Mientras aceleraba, la furia y la determinación que lo habían impulsado momentos antes se fusionaban ahora con un sentido de propiedad inquebrantable. Él había reclamado a Hana de manera definitiva. Ella le pertenecía. Había ido a ese lugar con la intención de observar, de ser testigo de su felicidad, pero no había sido capaz de contenerse cuando vio su mundo hecho pedazos ante sus propios ojos. Ahora, al sentir el volante bajo sus manos y la carretera que se extendía ante él, supo que había tomado la decisión correcta. No permitiría que nadie más la hiriera. No permitiría que alguien más se interpusiera entre ellos.

El Ferrari se desplazaba por la carretera como una bestia indomable, el sonido del motor resonando en sus oídos y vibrando en su pecho.

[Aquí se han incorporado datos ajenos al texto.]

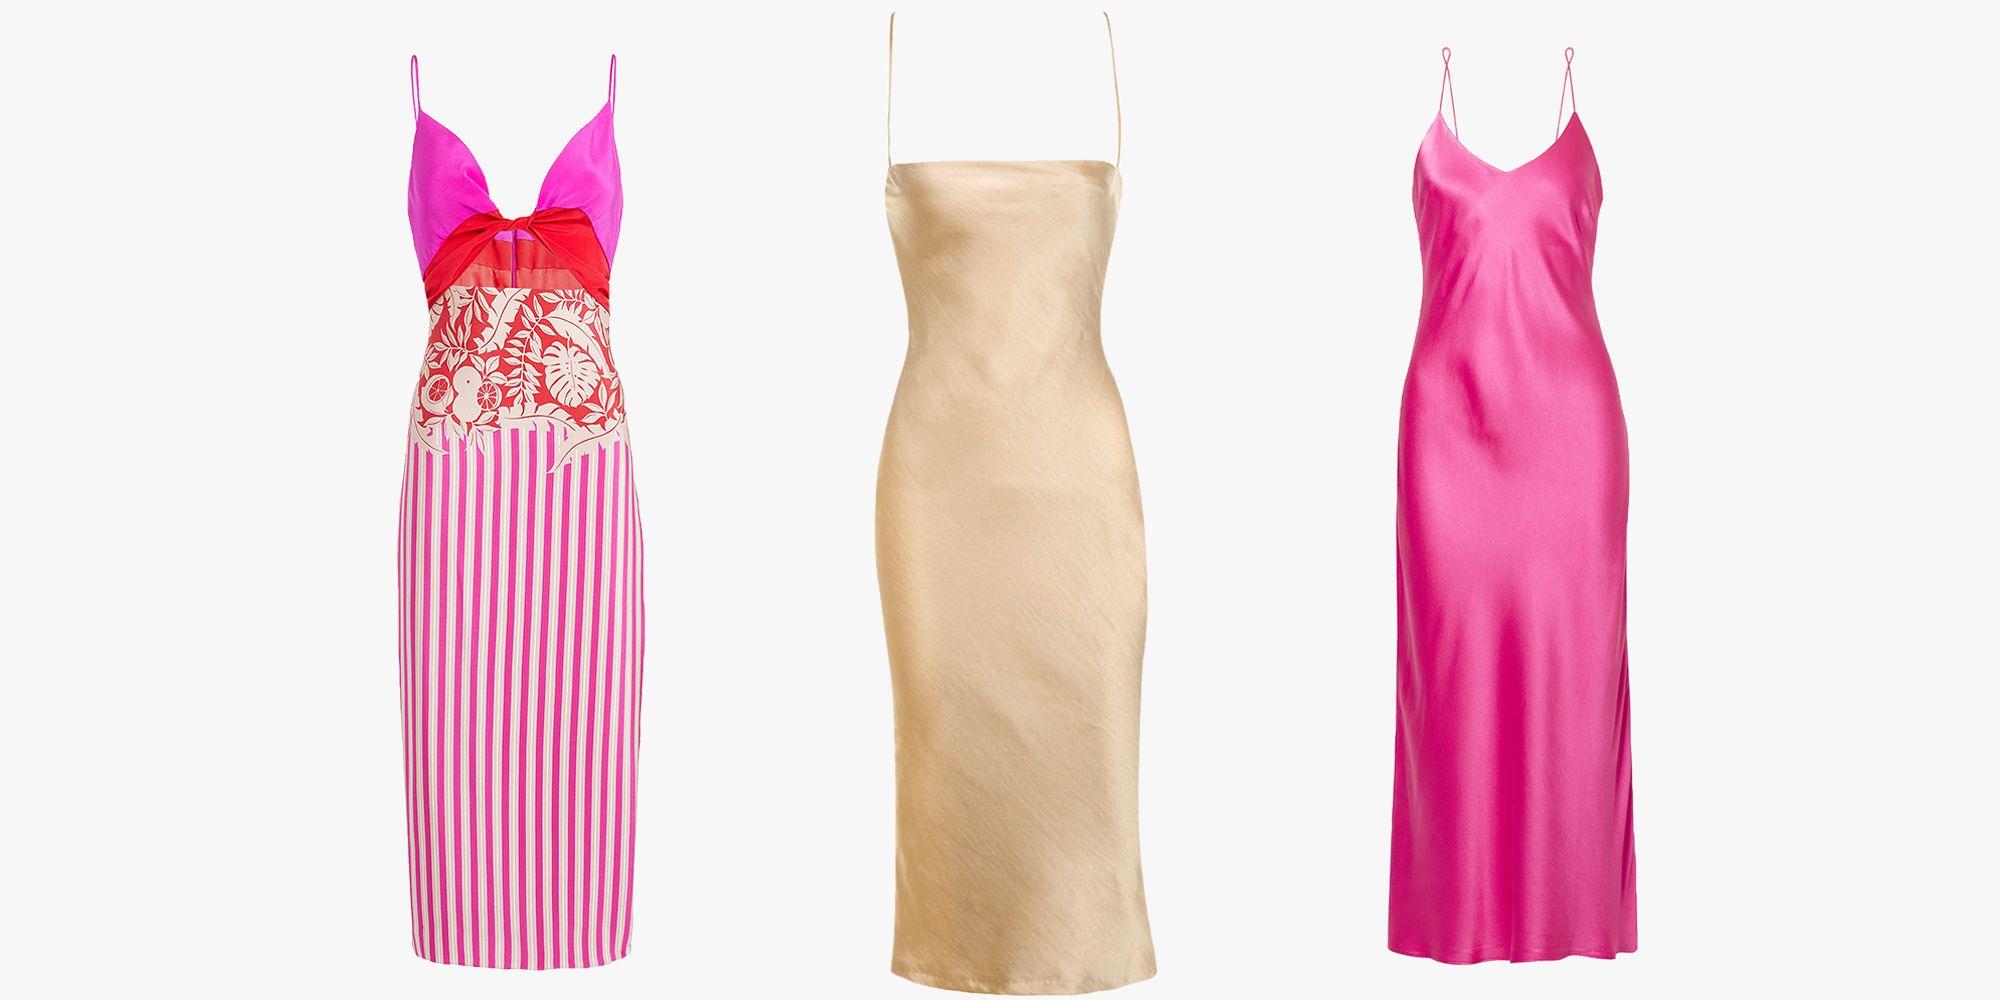 385be4735aeeb 12 Slip Dresses for Summer 2019 - Best Slip Dresses and Chemises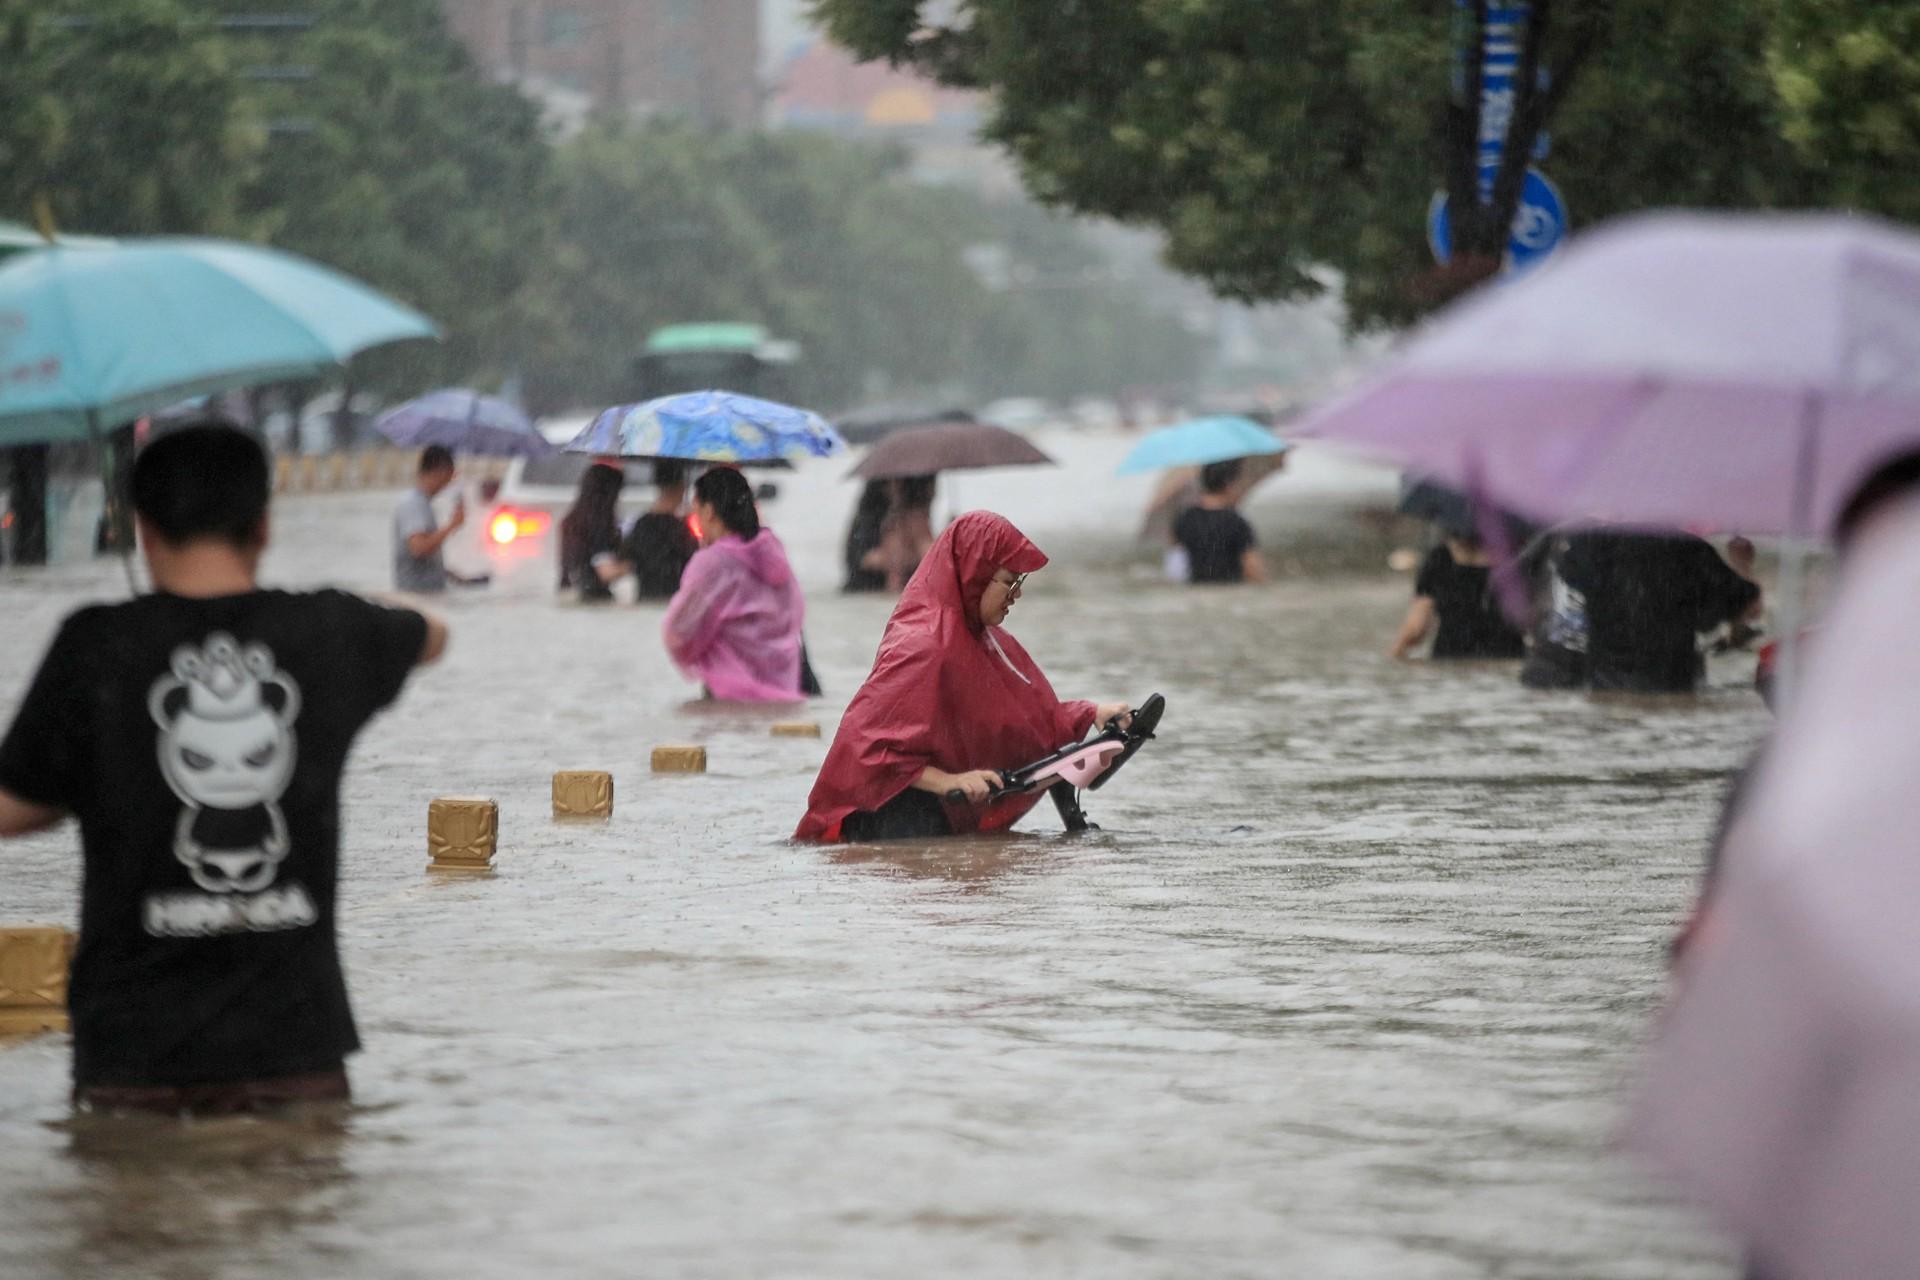 Esta foto tirada em 20 de julho de 2021 mostra pessoas atravessando as águas da enchente ao longo de uma rua após fortes chuvas em Zhengzhou, na província chinesa de Henan. (Foto por STR / AFP) / China OUT  (Foto: STR / AFP/ China OUT )

Cada aceleración, cada cambio de marcha, era una liberación de la rabia contenida, una forma de canalizar todo lo que sentía. Hana estaba a salvo con él ahora, lejos de las miradas inquisitivas, lejos de las traiciones. Giró la cabeza por un breve instante para verla. Estaba allí, inmóvil, sus ojos oscuros y sorprendidos miraban hacia adelante, probablemente sin saber qué pensar, qué sentir. Podía ver las lágrimas aún frescas en su rostro, el rastro del dolor que acababa de vivir. Una mezcla de compasión y posesión lo atravesó.